To collect audit data from your SharePoint Online and OneDrive for Business, Netwrix uses a dedicated Azure AD application and leverages APIs access permissions granted to that app. To register this application and assign required permissions, an Azure AD account with an administrative role will be required:
- If your organization uses modern authentication for identity management:
- Azure AD application should be created manually by user with administrative role and assigned required permissions. This app will allow you to collect both activity and state-in-time data. See Configuring Azure AD app for details.

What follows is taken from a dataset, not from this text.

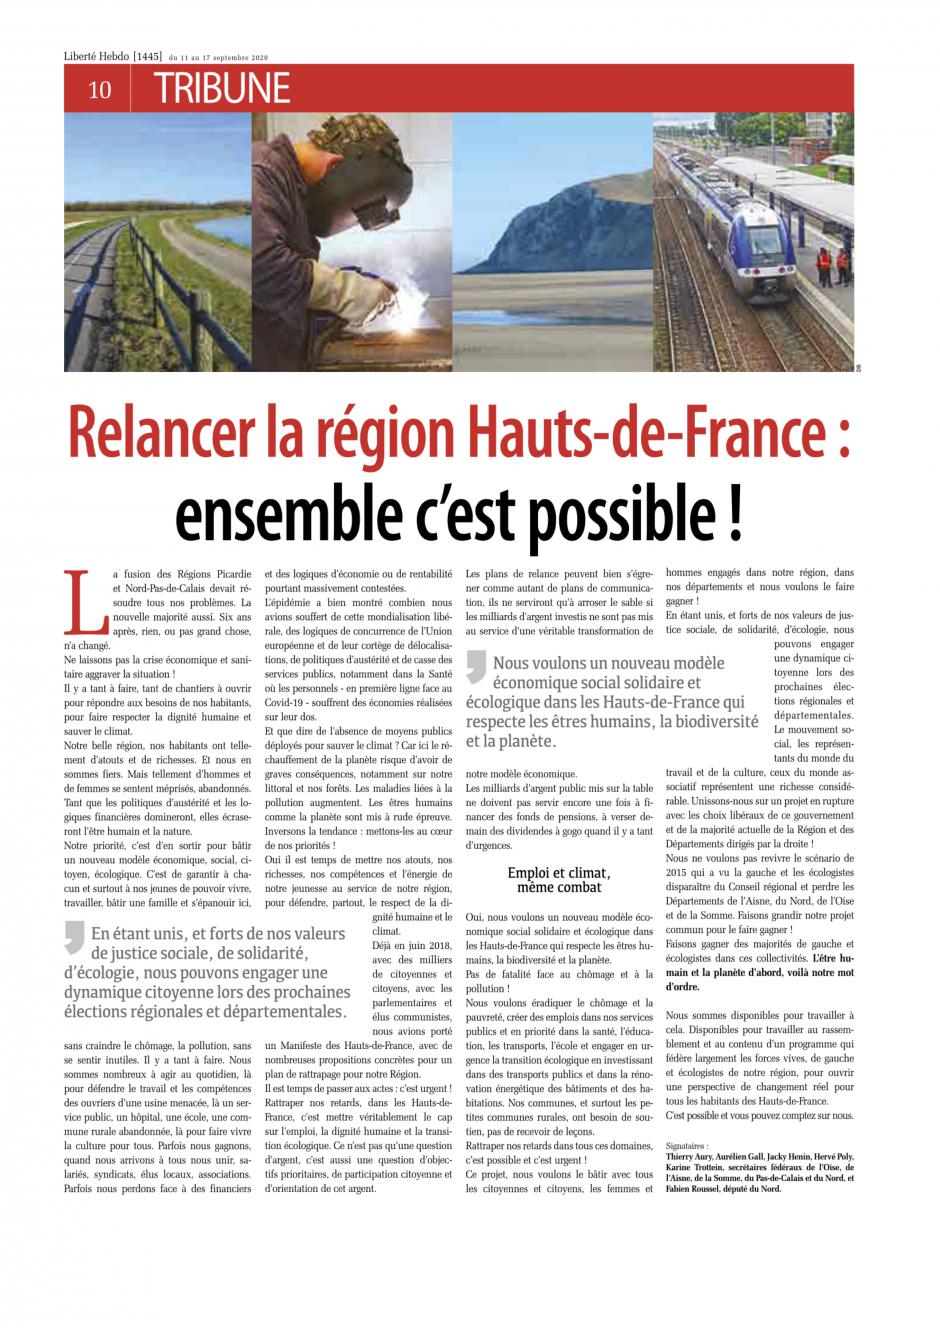 Relancer la région des Hauts-de-France : ensemble c'est possible !

- You will need to provide the Azure AD app settings in the monitored item (Office 365 tenant) properties. See Office 365 Tenant for more information.
- If basic authentication is used:
- Azure AD application named Netwrix Auditor for Azure AD will be created automatically when Netwrix Auditor connects to the monitored item (Office 365 tenant) for the first time. Thus, you will need to prepare an Office 356 user account with an administrative role in Azure AD —to create an app and perform initial data collection.
- Provide this user name and password in the monitored item properties. See Office 365 Tenant for more information.
Permissions for ongoing data collection will depend on data you plan to collect:
- To collect both activity (event-based) and state-in-time data, the administrative role will be still needed.
- To collect activity data only, the privileged role can be revoked from the specified account after the initial data collection.